After an agent exits cleanly, an optional review pass runs the security-reviewer persona (on Opus) diffing the branch against its base and returning strict JSON {blocking, findings}. Review is best-effort: any failure returns a degraded, non-blocking verdict so it can never wedge the engine. Blocking findings requeue the slot with the review path attached (the agent resumes to address them), up to 2 iterations; after that the policy is forced to manual so nothing auto-merges unreviewed.

merge.Merge lands a green branch under a bd merge-slot mutex (one merge at a time). The sequence: a protected-path check (git diff --name-only base...branch) rejects the merge outright if it touches any protected path; then git fetch + git rebase onto origin/<default> (or local default with no remote); then the green gate runs each cfg.Gate command sequentially via sh -c (wrapped in direnv exec when available) — any non-zero exit aborts the merge and discards the dirtied tree; then git merge --ff-only (or --squash); optional push; and worktree + branch cleanup (skipped if the tree stays dirty). Results are merged, conflict, gate-failed, protected, or error.

PR path (OpenPR). For a protected default branch (merge_policy: pr), merge.Merge shares that entire preflight (mutex, protected-path check, signature verification, sync, rebase, gate) and then diverges after the gate: instead of the ff-merge it pushes agent/<bead-id> to origin and opens a PR against the default branch through a PROpener (the gh CLI by default; an interface so tests inject a fake). The worktree and branch are kept — the default branch is never touched — so a later fast-forward landing step (koryph-ufy.4) can resume them. Extra results: pr-opened (with the PR URL and number), plus pr-no-remote / pr-no-gh when the prerequisites are absent (the engine blocks the bead cleanly and keeps the branch for a --resume). The engine parks the slot in the pr-opened ledger status; agents themselves never push — the push and PR creation live in this engine merge path.

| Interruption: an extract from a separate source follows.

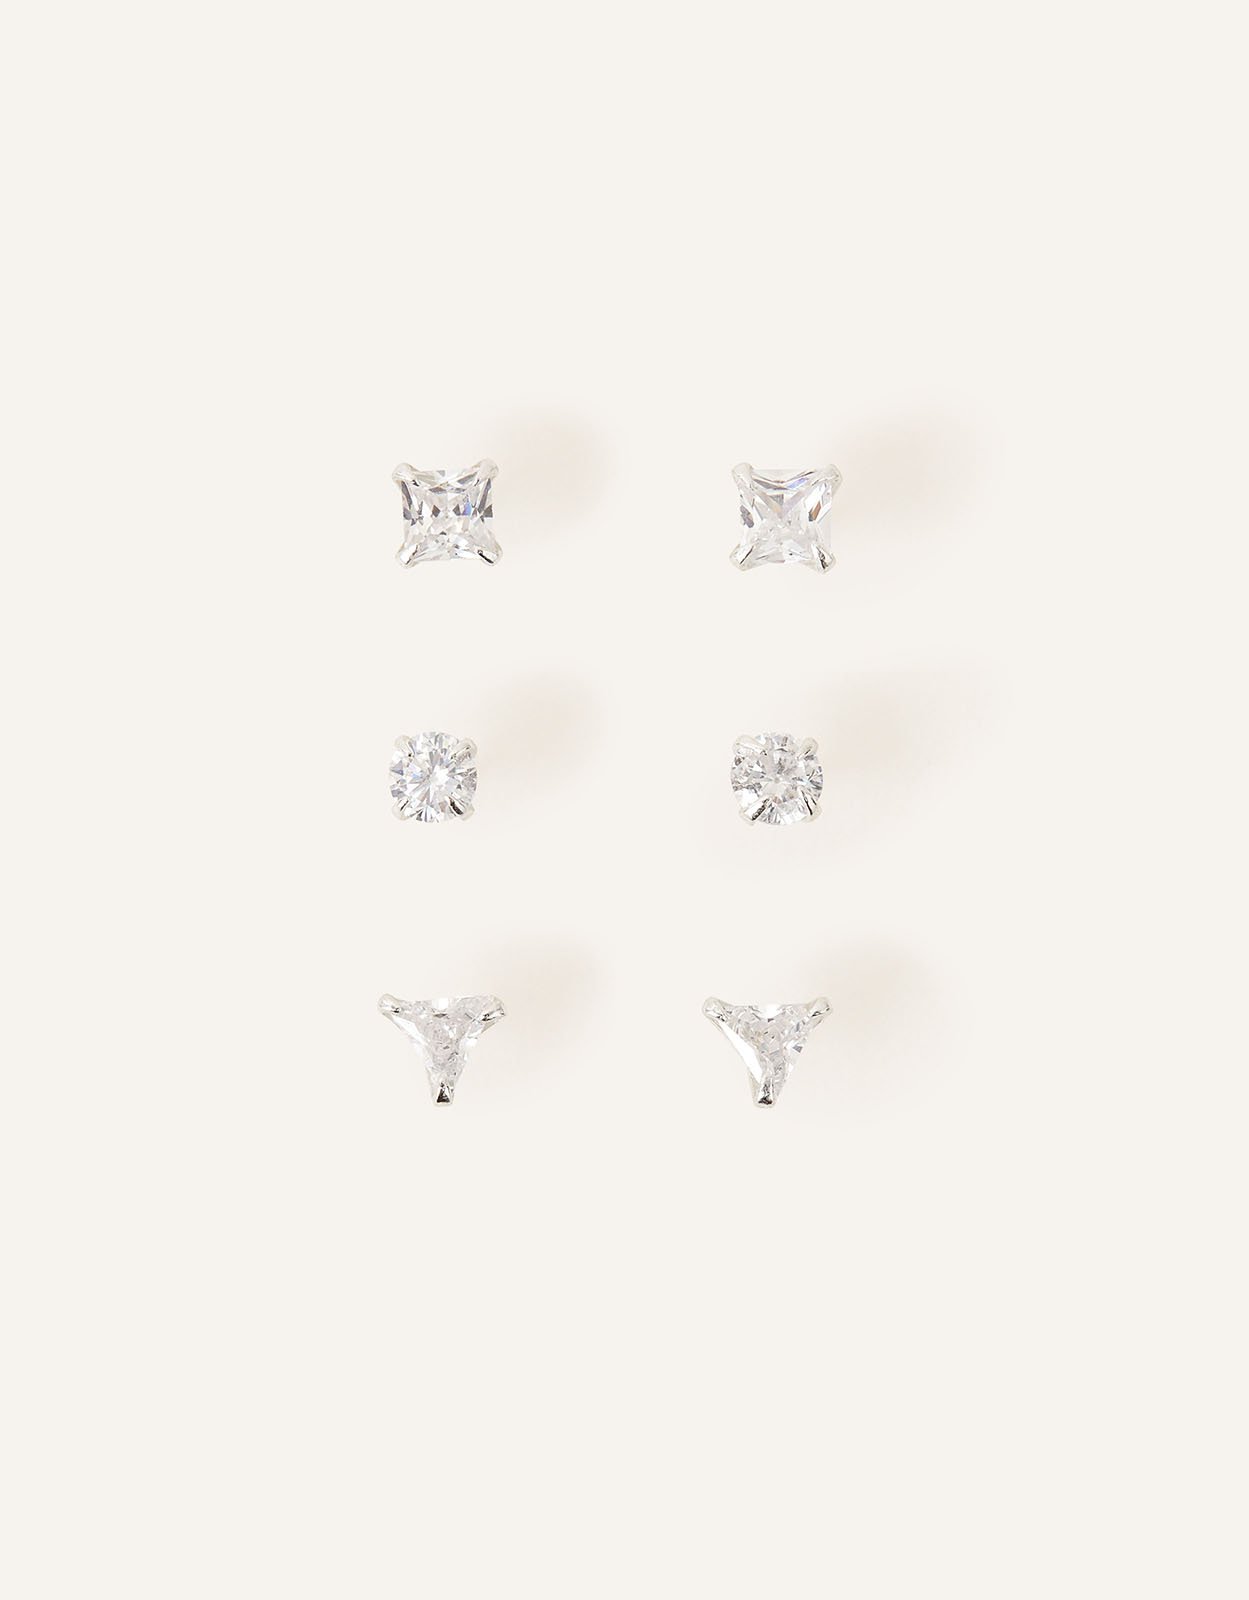 Accessorize Women's Sterling Silver Crystal Studs Set of Three, Size: One Size

DefaultProtected covers CLAUDE.md, MEMORY.md, CLAUDE-ACCOUNTS.md, koryph.project.json, .claude/, .beads/, scripts/lib/, .pre-commit-config.yaml, .gitignore, .github/CODEOWNERS, and .envrc; projects add Extra paths. A trailing / matches a subtree recursively. Merge policy (merge:auto / merge:manual / merge:pr label on the epic, else project config) decides whether a green branch merges automatically, waits for a human, or opens a PR.

Versioning

The engine pins itself to each project. project.Config.EngineVersion expresses a minimum, e.g. 0.2+ or >=0.2.3. version.Satisfied normalizes both sides (strips leading v, trailing +, >=) and compares major.minor. patch componentwise; an empty requirement is always satisfied. If the running koryph doesn't satisfy the project's engine_version, Run exits fatal with an upgrade instruction — a project can require newer engine semantics without risking an older binary silently mis-driving it. The pinned EngineVersion also flows into promptc.Compile, whose cache-stable preamble depends only on that version — so the prompt cache stays warm across every dispatch of one engine version, and rotates deliberately when the engine bumps.